Выбрать главу

Считаю уместным привести здесь из моих записей один рассказанный им эпизод. Речь идет об обстоятельствах создания Государственного Комитета Обороны.

«Вечером 29 июня, — вспоминал Анастас Иванович, — у Сталина в Кремле собрались Молотов, Маленков, я и Берия. Всех интересовало положение на Западном фронте, в Белоруссии. Но подробных данных о положении на территории этой республики тогда еще не поступило. Известно было только, что связи с войсками Западного фронта нет. Сталин позвонил в Наркомат обороны маршалу Тимошенко. Однако тот ничего конкретного о положении на западном направлении сказать не смог.
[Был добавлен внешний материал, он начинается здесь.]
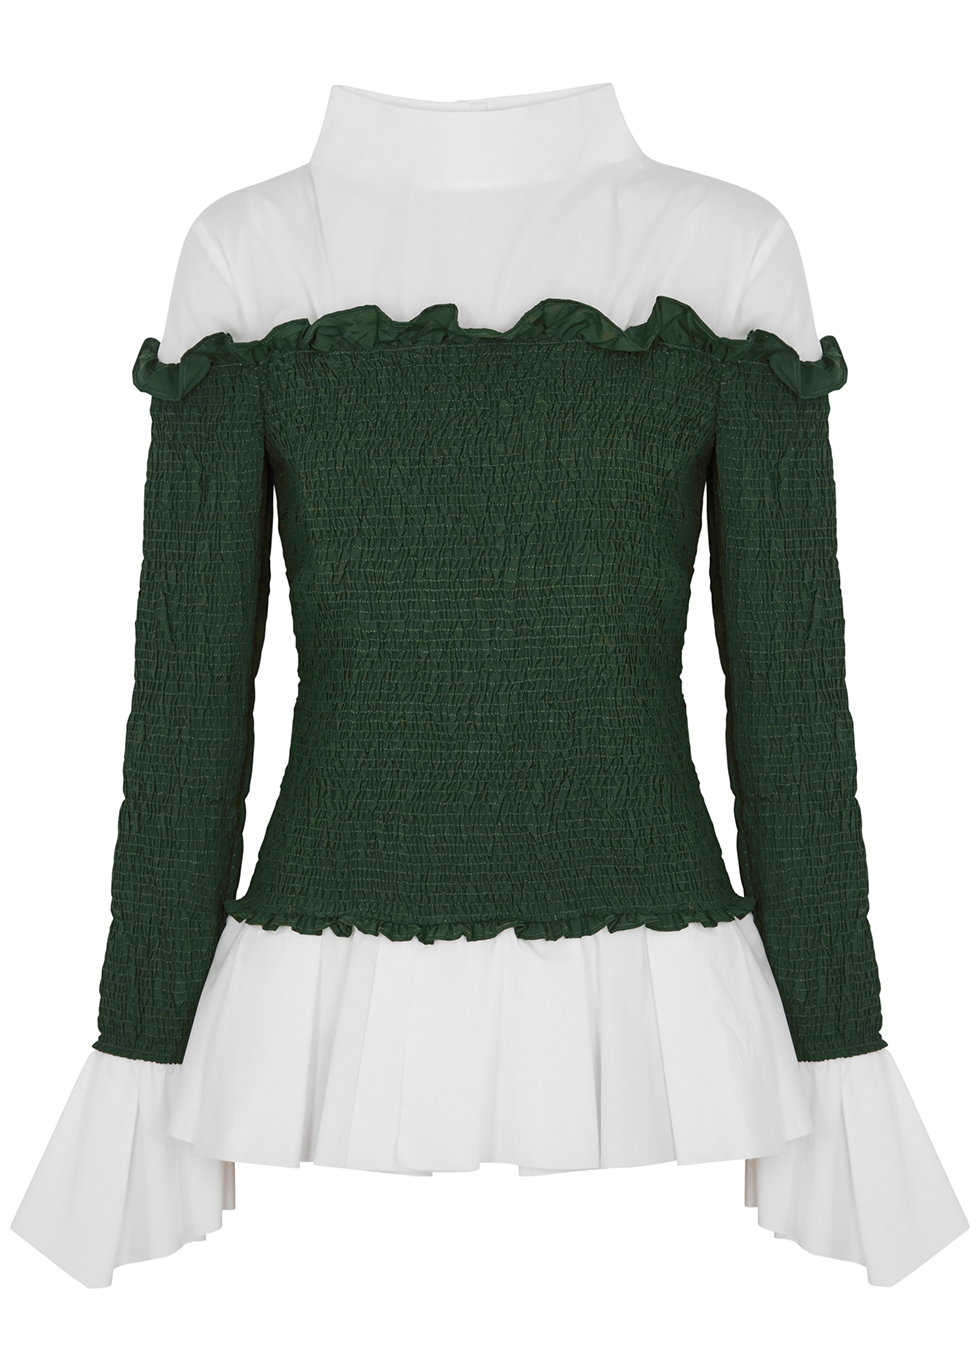 White and green smocked poplin shirt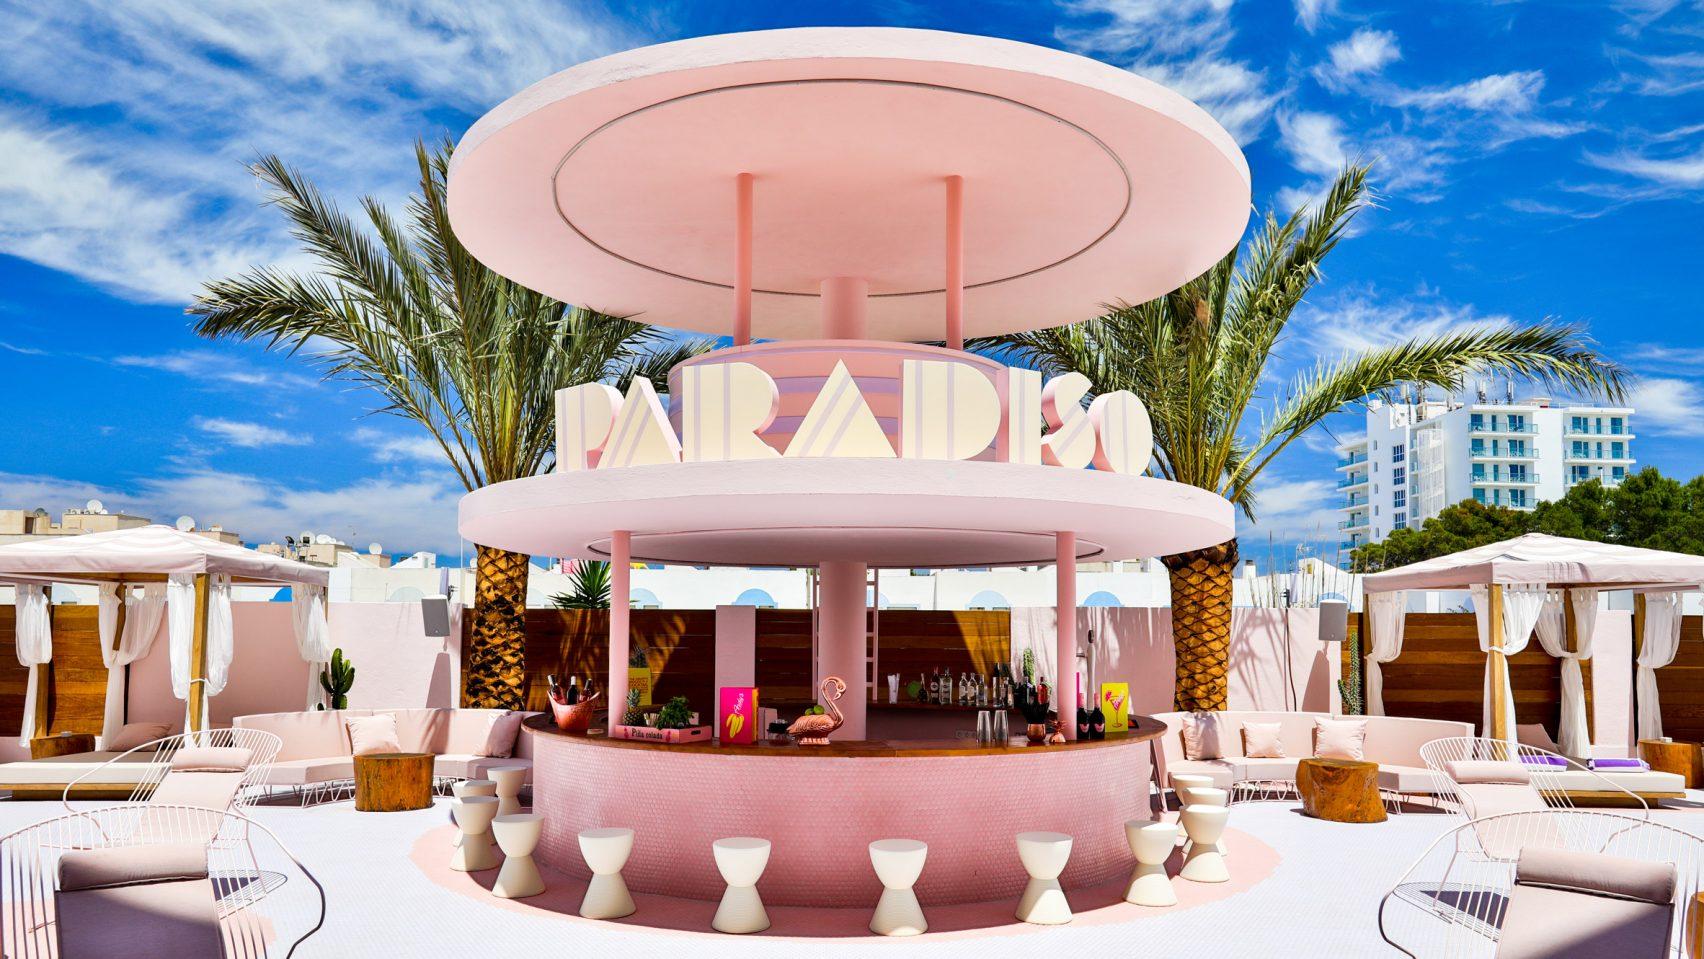 Конфетный Paradiso Ibiza Art Hotel

Встревоженный таким ходом дела. Сталин предложил всем нам поехать в Наркомат обороны и на месте разобраться с обстановкой. В кабинете наркома были Тимошенко, Жуков и Ватутин. Сталин держался спокойно, спрашивал, где командование фронта, какая имеется с ним связь. Жуков докладывал, что связь потеряна и за весь день восстановить ее не удалось. Потом Сталин другие вопросы задавал: почему допустили прорыв немцев, какие меры приняты к налаживанию связи и т. д. Жуков ответил, какие меры приняты, сказал, что послали людей, но сколько времени потребуется для восстановления связи, никто не знает. Очевидно, только в этот момент Сталин по–настоящему понял всю серьезность просчетов в оценке возможности, времени и последствий нападения Германии и ее союзников.

И все же около получаса поговорили довольно спокойно. Потом Сталин взорвался: «Что за Генеральный штаб? Что за начальник Генштаба, который так растерялся, что не имеет связи с войсками, никого не представляет и никем не командует? Раз нет связи, Генштаб бессилен руководить». Жуков, конечно, не меньше Сталина переживал за состояние дел, и такой окрик Сталина был для него оскорбительным. И этот мужественный человек не выдержал, разрыдался как баба и быстро вышел в другую комнату. Молотов пошел за ним. Мы все были в удрученном состоянии. Минут через 5–10 Молотов привел внешне спокойного, но все еще с влажными глазами Жукова. Договорились, что на связь с Белорусским военным округом пойдет Кулик (это Сталин предложил), потом других людей пошлют. Такое задание было дано затем Ворошилову. Его сопровождал энергичный, смелый, расторопный военачальник Гай Туманян. Предложение о сопровождающем внес я. Главное тогда было — восстановить связь.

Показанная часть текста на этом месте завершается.